Adding or editing an HTML parser rule
Use the parser rule settings available on the Add Rule, Edit Rule and Copy Rule pages to define the properties of the HTML parser rules. These settings help SDL Trados Studio better sort translatable from non-translatable text and correctly display the content extracted from the HTML documents.
About rules, attributes and conditions
Each element in HTML documents can have specific attributes. Attributes give additional information about the HTML element. For example, the <a> element indicates a hyperlink. An "href" attribute applied to the <a> element adds a web address to the hyperlink. Similarly, a "title" attribute adds a tooltip which is visible when hovering with the mouse over the hyperlink. The content between <a> (the opening tag) and </a> (the closing tag) define the title of the hyperlink.
The image below shows an example of an <a> element and its components:
Usually, you would want Studio to extract and allow you to translate the title of the hyperlink and its tooltip. In contrast, you would not normally want Studio to allow you to edit the address of a hyperlink because altering this address may break the link. These conditions are specified as default settings for the <a> element on the Parser Rules page . However, there may be situations when you would want to translate the address of the hyperlink because the link in your translation should point to the localized version of the website which has a different address. Also, sometimes you may not want to translate the tooltip of the hyperlinks, for example when the tooltip shows a numeric value.
For such situations, when you do not want Studio to apply the default settings or when you want to teach Studio to deal with elements not mentioned on the parser rules list, customize the existing parser rules.
You modify a rule by editing its attributes and conditions. The next time that you open an HTML document, Studio will no longer apply the default settings for the HTML element with the customized parser rule.

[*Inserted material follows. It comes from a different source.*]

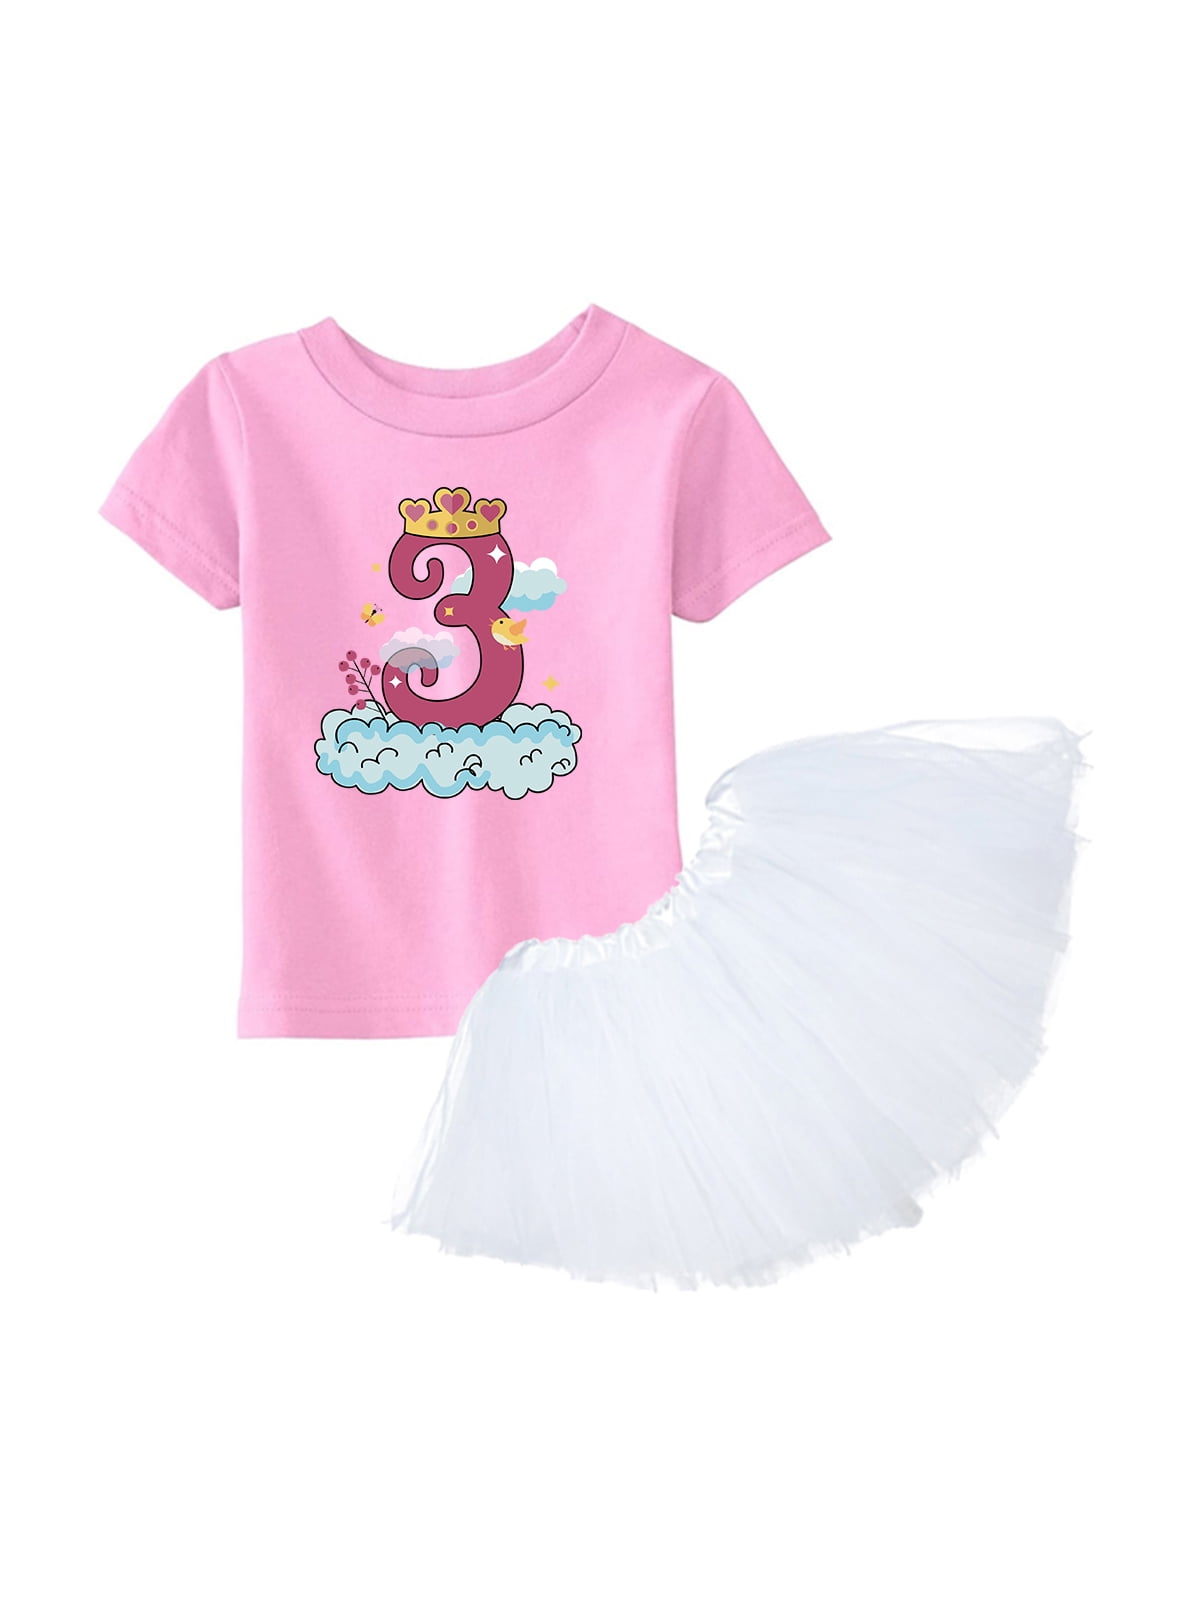 princess birthday outfits for 3 year old

The HTML Add/ Edit rule page
Click Add... Edit... or Copy on the Parser page to open the Edit Rule, Add Rule or the Copy Rule page where you can configure the properties of the HTML rules.
Rule section
| Option | Description |
|---|---|
| Name | The name of the element for which you are modifying the parser rule. For example, the name of the rule which affects the |
| Conditions | The conditions which define the extraction settings. Specify under which conditions should Studio extract the content inside the selected element. For example, you might modify the
|
Attributes section
| Option | Description |
|---|---|
| Attributes | The localization setting which determine whether the attributes of an element will be editable after extraction. Specify which of the attributes that could define the selected HTML element should be extracted as editable text in Studio and which attributes should be extracted as non-editable text. For example, for situations where you do not want to translate the tooltip of a hyperlink, change the Translate property of the
The next time that you open an HTML document, Studio will extract the tooltips from hyperlinks but will not allow you to edit them.
|
Properties section
| Option | Description |
|---|---|
| Translate | The localization setting which determine whether the content of the selected element will be editable after extraction. Specify if Studio should allow you to translate in the Editor the content extracted from the selected element.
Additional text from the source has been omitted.